More good news: While accumulating & studying my instruments & gaining experience, I accidently (- no really) picked up a recorder in a music store, and decided that it might be kind of cool to learn. A bit later, I found some ethnic flutes and in a few years I had assembled a big arsenal of ethnic flutes, which I had never planned on learning,- but which have become a huge, fun part of my musical life.

Bad news, which turned into good news: In the mid 90’s I already had a pretty healthy resume but, the traditional studio contracting structure in LA was already breaking down and things were a bit slower for me. Since I had the time, and always wanted to be a better writer, I studied privately with one of the top composition & orchestration teachers in town, Jack Smalley. I originally was only interested in improving my song writing for my own albums, but soon Jack pulled me into the rich world of film scoring and orchestration which I loved!

Life has a way of plotting it’s own course for you. (me) Now my career is more schizophrenic than I could have ever imagined. I play on shows like “Scrubs” and still do lots of recording for jingles and albums... the typical “studio musician thing” - kind of have to be ready to play any instrument in any style at the drop of a hat. But now, I can also get an IM or phone call and need to write and produce a jingle and deliver it within a couple of hours. I’ve done a lot of arranging and music copying for big industrial shows and then there’s work like playing jazz festivals or composing songs or arranging horns for other artists.

I really miss the big studio dates that included things like sitting in the studio at Warner Bros and recording with an large orchestra some of the last cartoons by Chuck Jones. Today, that kind of work has been delegated to the likes of you and me, in a small room by ourselves, with a computer. I like working both sides, but in spite of the incredible advances in technology, there is no sound or feeling like being in a room full of great musicians who’ve come together to synergistically merge in order to create something that is even greater than the composer’s vision.... 
ah... anyway... Now let’s get back to talking about samples!!! I use VSL, Siedlaczek, NI-Komplete, Reason, RMX, Trilogy, Logic, PT, Sibelius, etc., etc., etc.........
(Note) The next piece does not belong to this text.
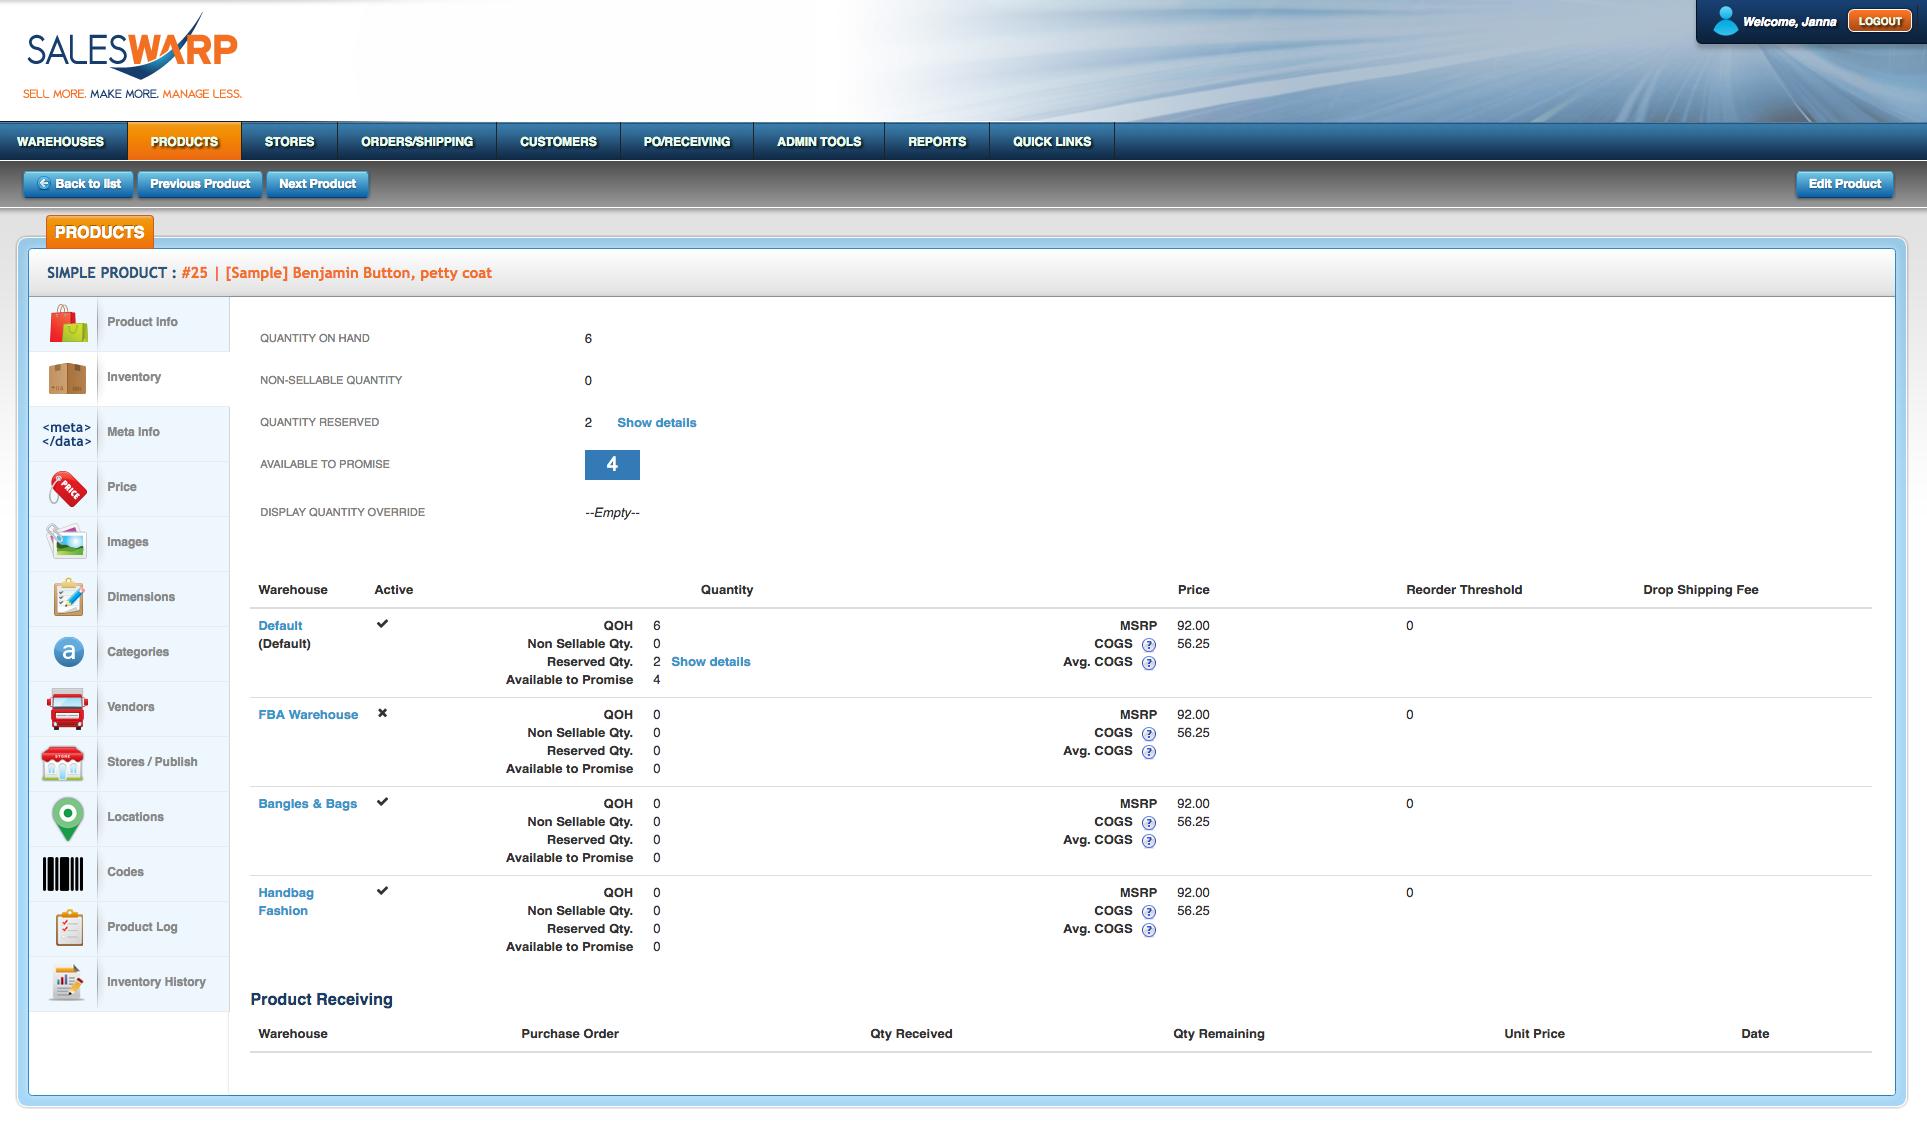 SalesWarp Demo - Inventory

My production website is www.windshoremusic.com my solo-artist website is www.markhollingsworth.com


----------



## ComposerDude (Sep 1, 2008)

Hi Mark - welcome to VI!

-Peter


----------



## Hannes_F (Oct 4, 2008)

Hi Mark,

welcome to this forum that hosts a bunch of great musicians. You will have your fun here.
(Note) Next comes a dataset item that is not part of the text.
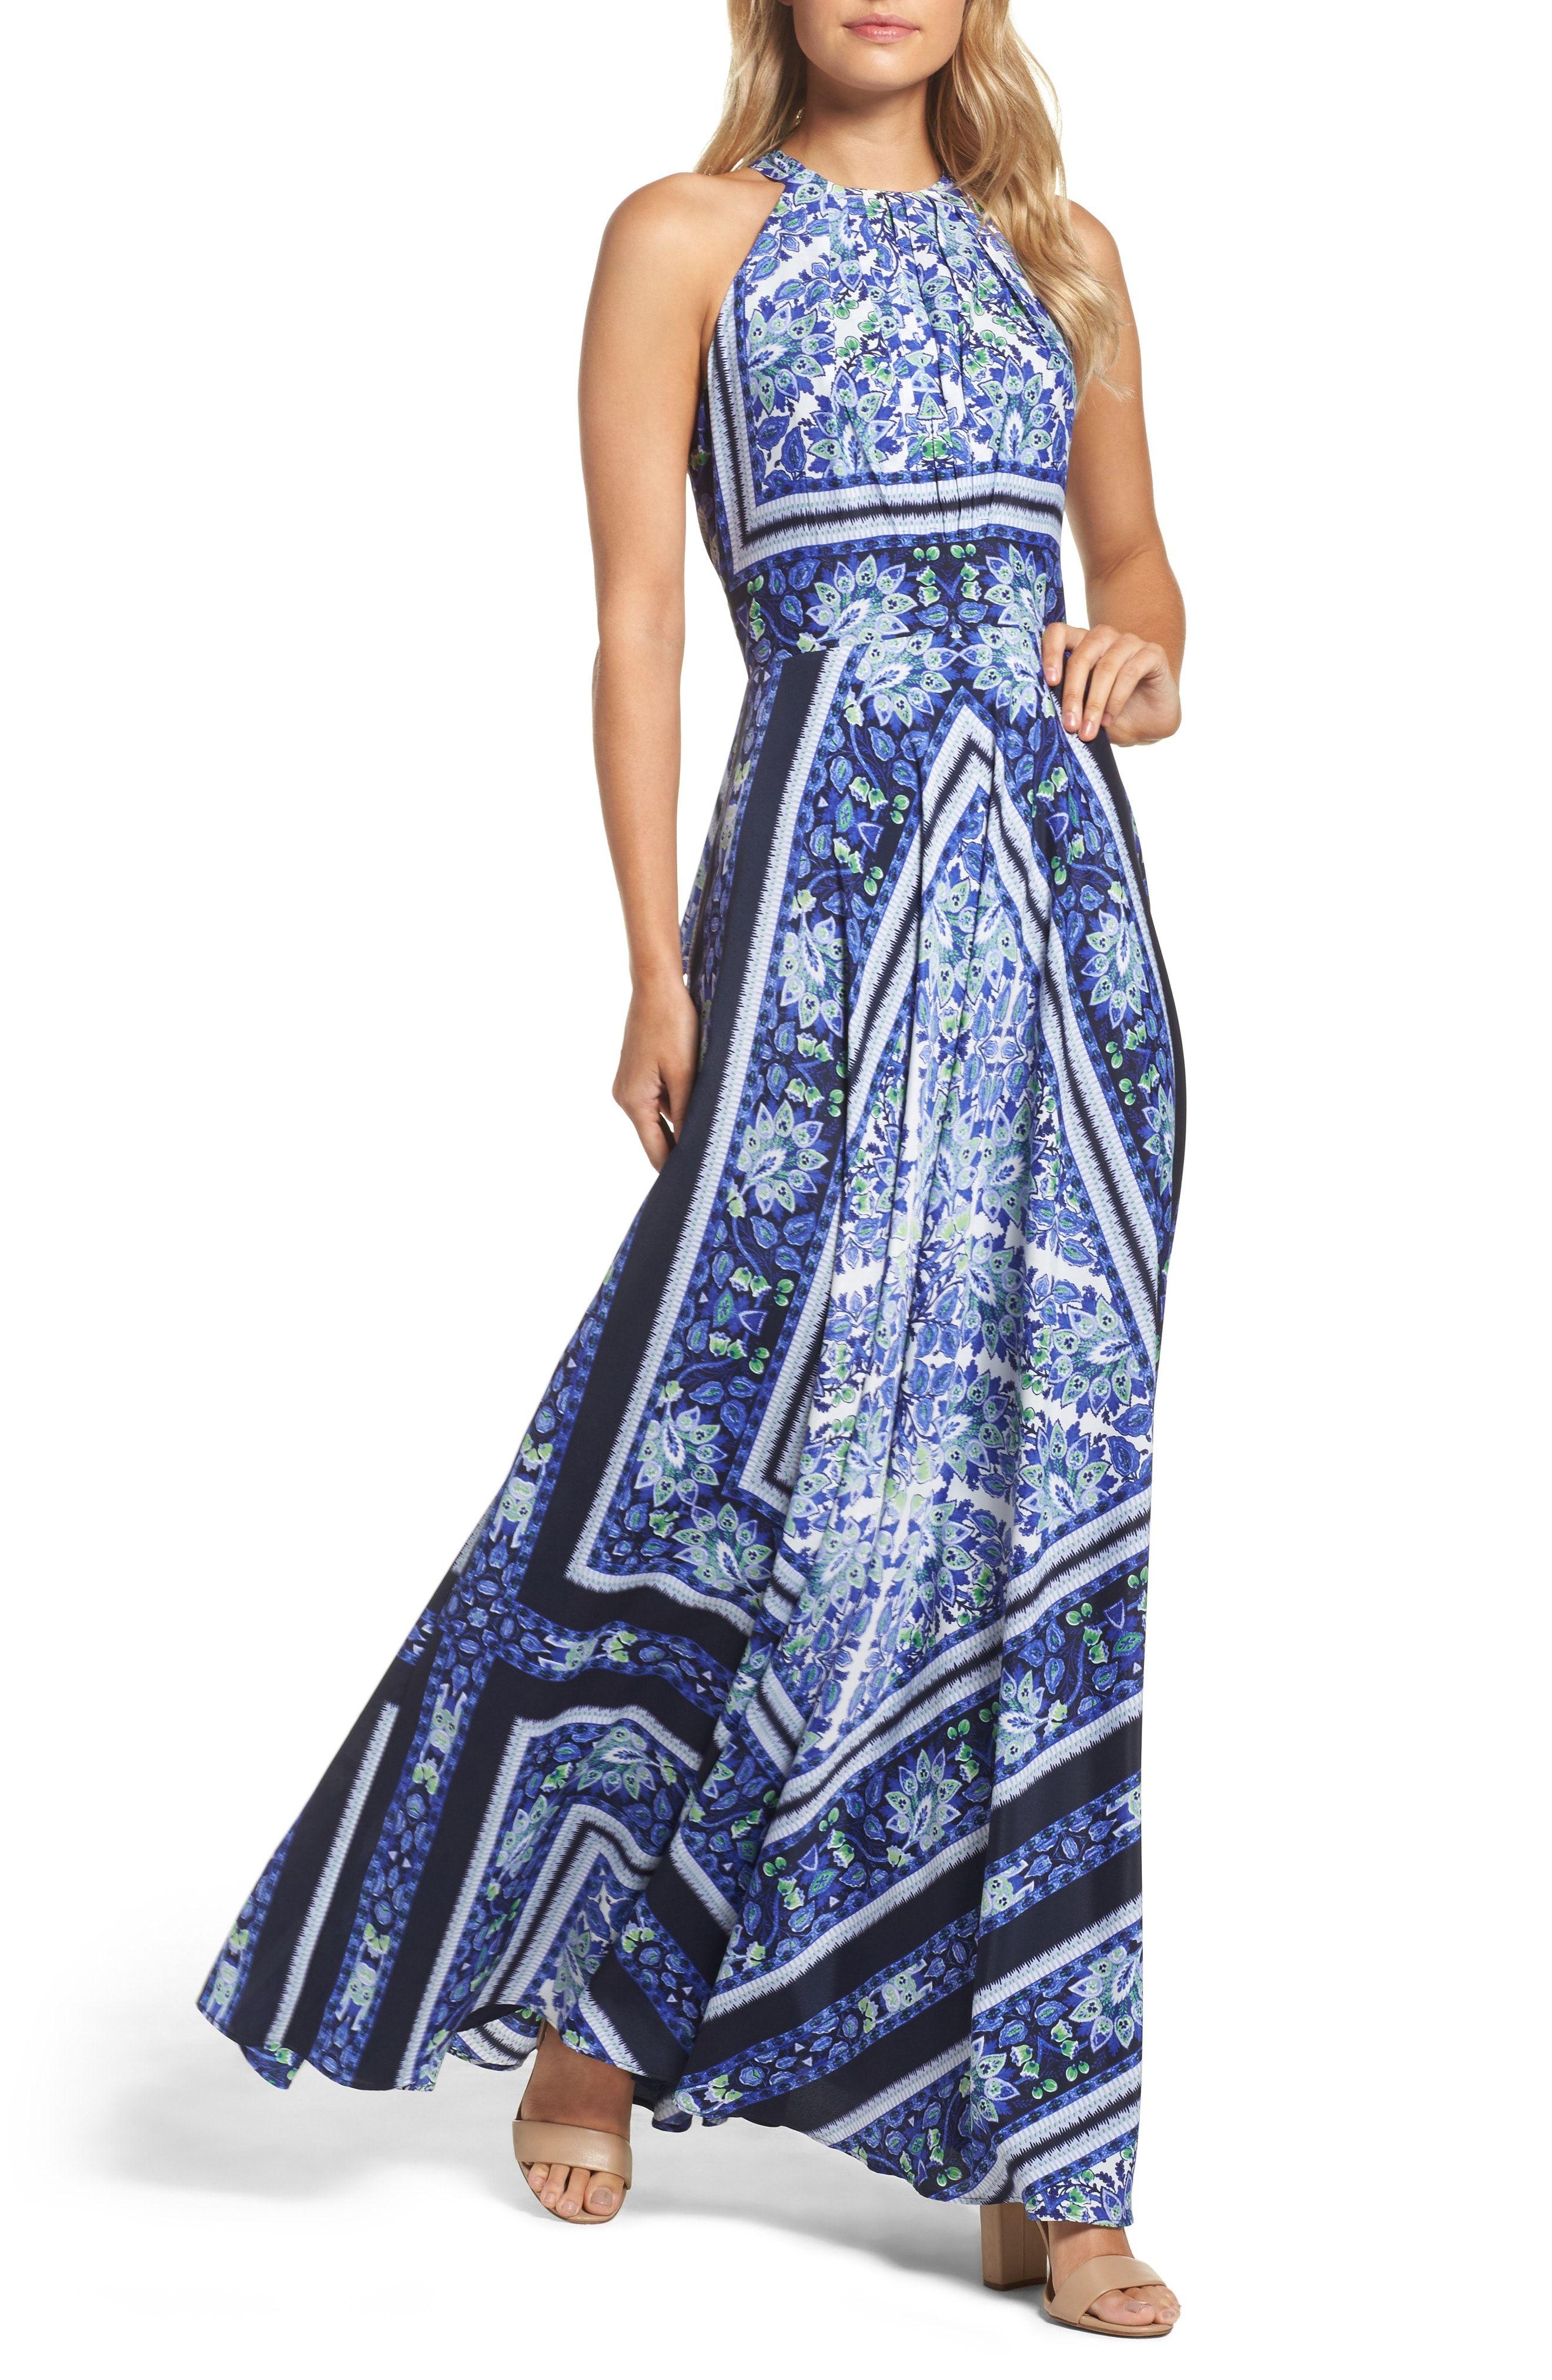 New eliza j scarf print maxi dress regular amp petite online sku

Somehow I missed your first post but headed over to your site now and had a great time listening to your tracks, they are top notch!

Best
Hannes


----------



## windshore (Oct 4, 2008)

Thanks Hannes!

I've been lurking for months (since Craig first told me about it a year ago) and have already enjoyed the forum very much. I also appreciate the level of civility which seems so much higher than most forums. 

Mark


----------



## Chrislight (Oct 4, 2008)

Hi Mark and welcome to VI! We're glad you came out of lurking. 8) Hope you continue to enjoy the forum!


----------



## Frederick Russ (Oct 5, 2008)

Welcome to VI ! Glad you found us and decided to join in.


----------



## José Herring (Oct 5, 2008)

Welcome! We have similar background. Though most of my playing days were in NY.
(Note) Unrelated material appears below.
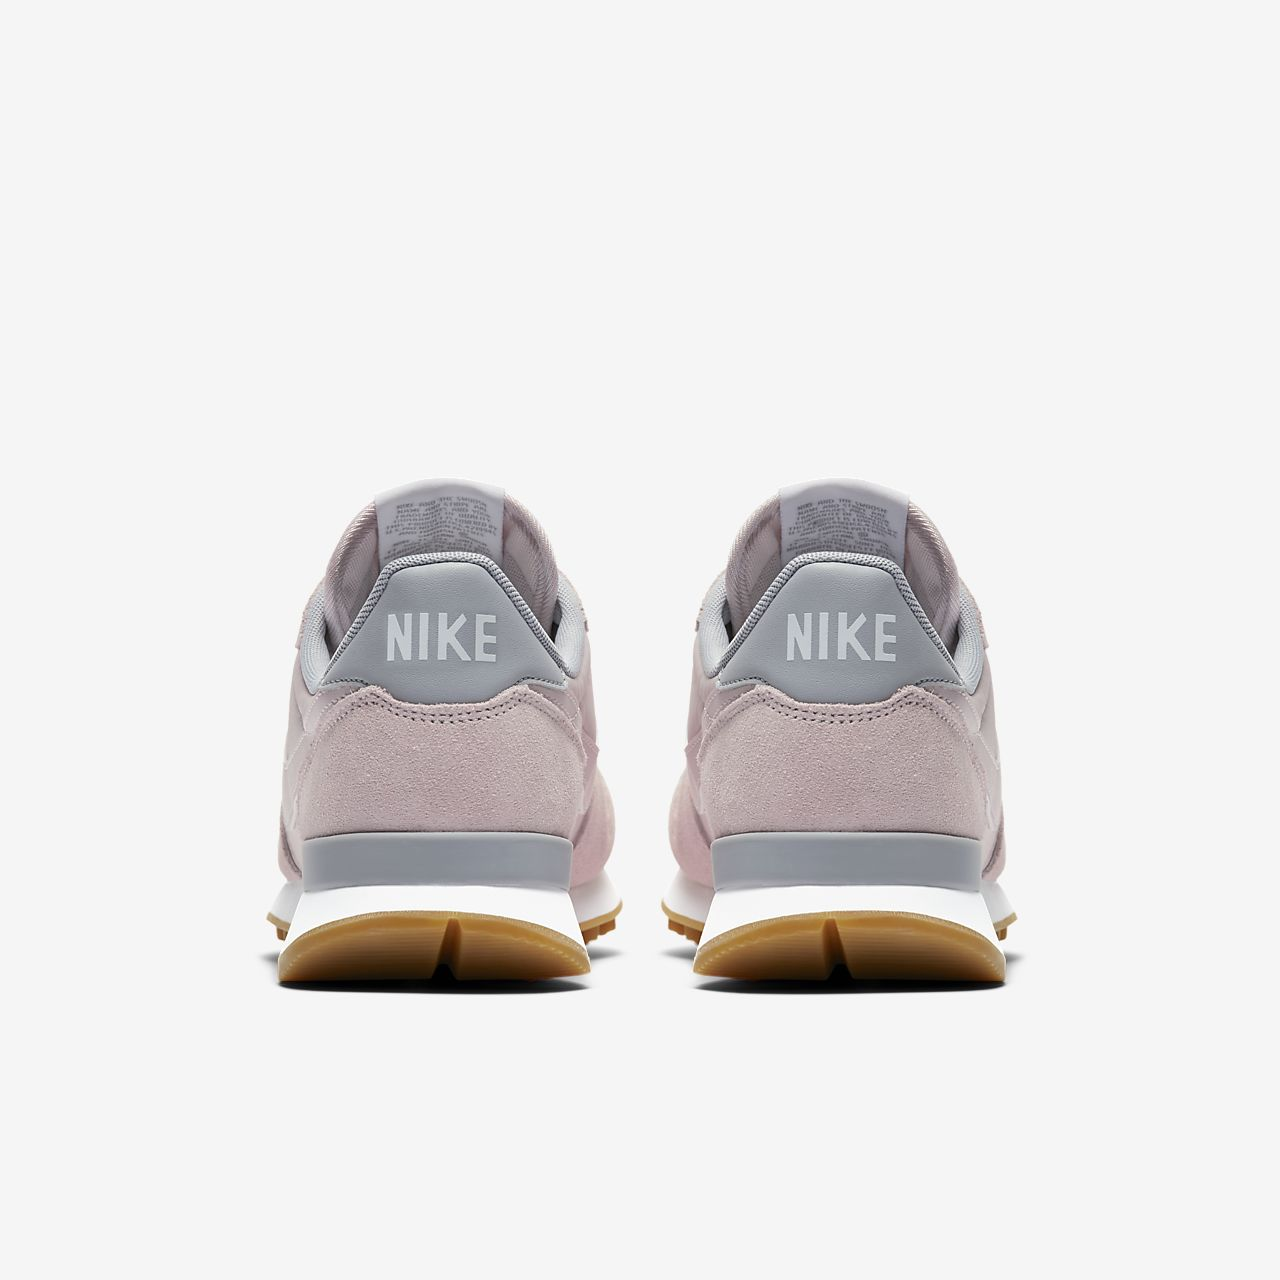 buy popular f1019 19d3a Low Resolution Nike Internationalist Womens Shoe Nike Internationalist  Womens Shoe

Came to LA to pursue film scoring and promptly fell into arranging for records. Cool thing about that is that I use to get orchestras and record at Capitol and other fine studios with real people.

Kind of amazes me that film scoring has gone in the direction it has. In a sense a little sad, but the technology is fun too.

Jose


----------



## poseur (Oct 10, 2008)

yes, welcome!
i, too, have a similar background.
enjoy your stay, and the folks here.
d


----------